Наконец, пристраиваемся друг к другу потеснее, чтобы двум телам
занять середину пружины, в результате чего из нее получается что-то
вроде корытца, из которого уже не выпадешь. В азарте, правда,
мы можем потерять осторожность и скатиться чуть ли не на пол.
А один обязательно еще и подтолкнет другого для верности.
Таня поехала на юг раньше меня, «со своими». Я пытался домыслить,
что значит «со своими». Мать работает, Бабаеву такие семейные
радости не к лицу. Могли быть младшая сестра, тетка, с которой
Таня очень дружила, к тому же они были ровесницами, и ... кто
еще? О Леше впрямую не говорилось, а я не мог придумать, как это
выяснить, чтобы не договориться до всё обрубающей фразы «он же
мой муж». Кстати, сам я не собирался с ней ехать. Денег на поездку
было мало, и я решил какую-то часть пути проехать на попутных
машинах, какую-то – зайцем на поезде. И вообще, мне интересен
был не столько юг, сколько сама поездка: ее непредсказуемость,
а главное, ощущение свободы. Спутница лишала бы меня и того и
другого. Я думал: она поедет «со своими» (без Леши), мы там встретимся,
желательно поближе к возвращению домой, и вместе вернемся. На
мой взгляд, получалось здорово: далеко от дома встречаешь любимую
женщину, возвращаешься с ней домой...
В промежуток времени между нашим последним свиданием и ее отъездом
я старался ей не звонить, чтобы не застать момент приезда Леши:
вот Леши нет, а вот вдруг он есть – это могло быть чревато серьезными
последствиями, которых я пока избегал. Таня тоже не звонила, –
может по тем же соображениям, или были другие, более безобидные,
А, может, рассчитывала, что все выяснится само собой и о Леше,
который, конечно же, должен поехать с Таней, будет говориться
спокойно, как будто я сам и внес это замечательное предложение.

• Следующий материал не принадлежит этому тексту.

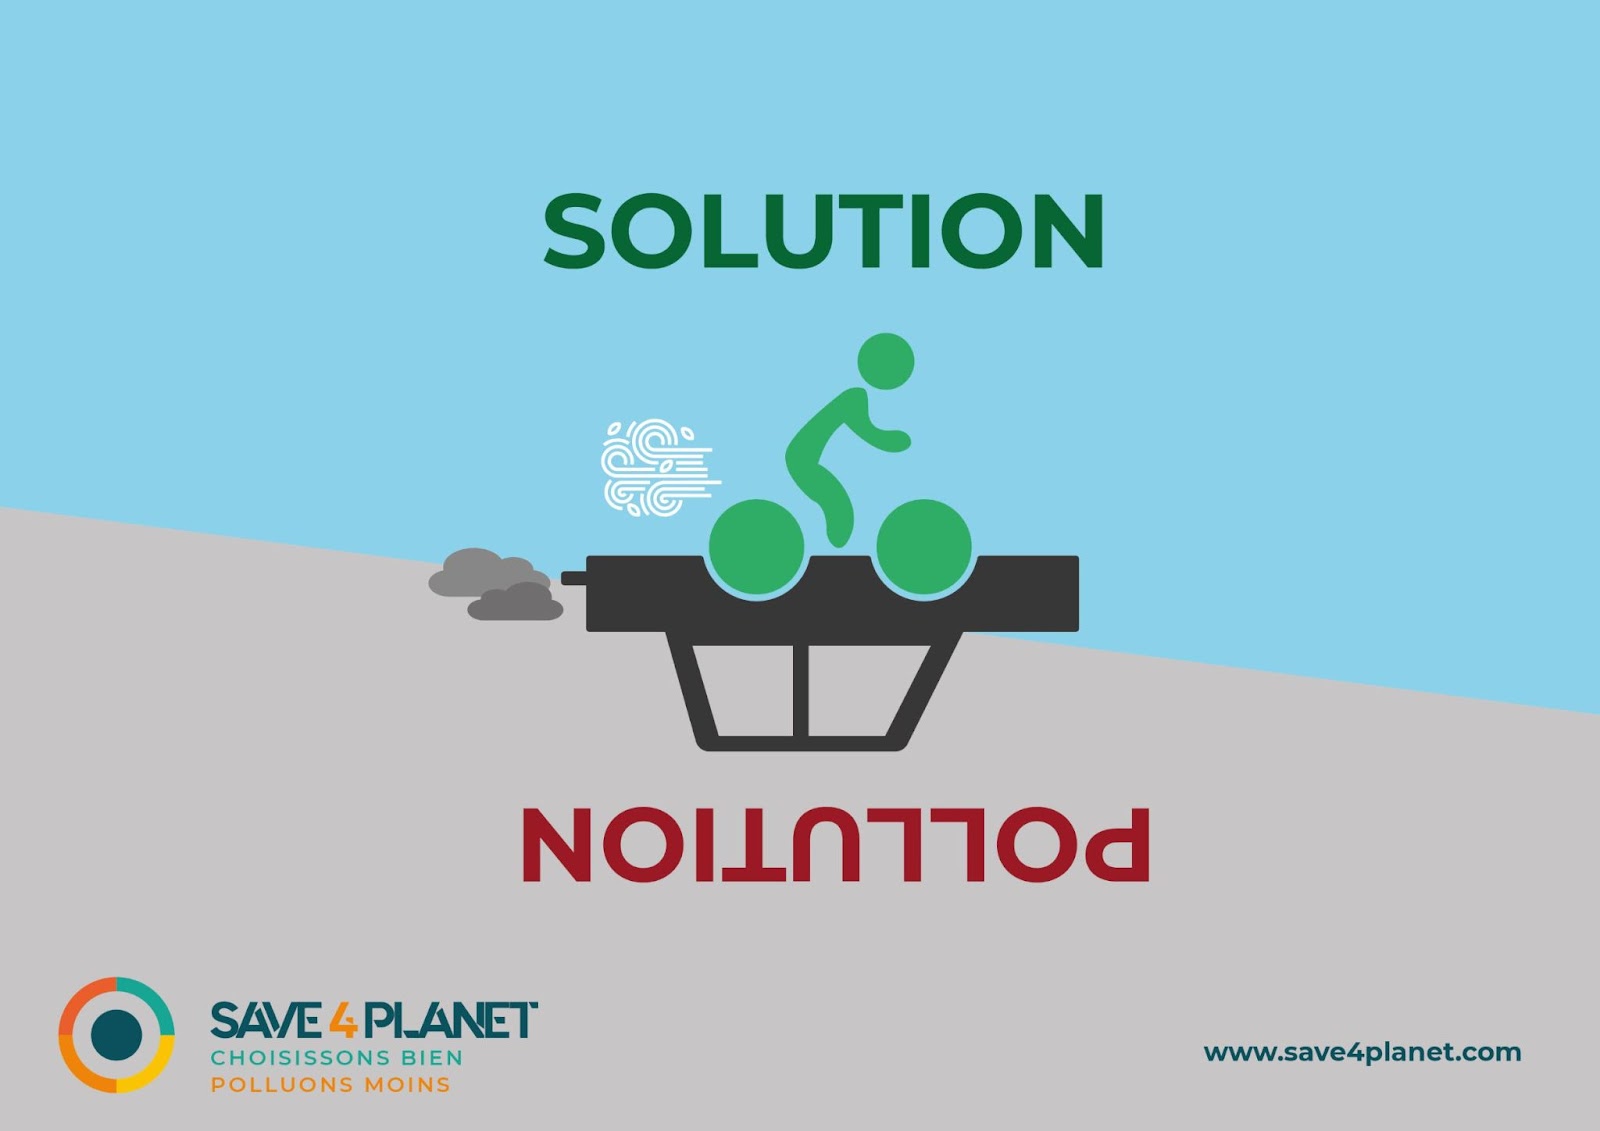 Solution pollution velo image

И вдруг она позвонила и сказала, что завтра уезжает. Я выдавливал
из себя слова через желание узнать, с кем же она едет, а она,
наоборот, удерживала разговор, чтобы он не свернул на скользкую
тему.
Договорились, что Таня, когда устроится, сообщит мне свой адрес
на главпочтамт в Сочи. Я сказал: хорошо, хотя, может быть, подумал:
на кой хрен мне твой адрес, если ты будешь с ним.
«Ну, пока?» – Она всегда произносила это с вопросительным оттенком.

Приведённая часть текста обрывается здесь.